_Task objective_
Using the listing below, set down each line from the line containing "Come scegliere le" through the line containing "刈り取る討論成長する純国産ネイルジェル用コンテナ 10g用GA10g 漏れ防止パッキン&ブラシプレート付容器", both ends included, exactly and with nothing added.

_Data_
○ ○ ○

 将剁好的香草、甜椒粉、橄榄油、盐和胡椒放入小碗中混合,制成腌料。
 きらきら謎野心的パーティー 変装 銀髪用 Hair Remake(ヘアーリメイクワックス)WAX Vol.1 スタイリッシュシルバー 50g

○ ○ ○

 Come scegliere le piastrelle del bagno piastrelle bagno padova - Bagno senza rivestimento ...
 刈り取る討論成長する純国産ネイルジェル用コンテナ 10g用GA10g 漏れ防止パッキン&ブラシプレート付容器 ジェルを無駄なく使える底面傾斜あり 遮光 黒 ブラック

○ ○ ○

_Output of the exercise_
 Come scegliere le piastrelle del bagno piastrelle bagno padova - Bagno senza rivestimento ...
 刈り取る討論成長する純国産ネイルジェル用コンテナ 10g用GA10g 漏れ防止パッキン&ブラシプレート付容器 ジェルを無駄なく使える底面傾斜あり 遮光 黒 ブラック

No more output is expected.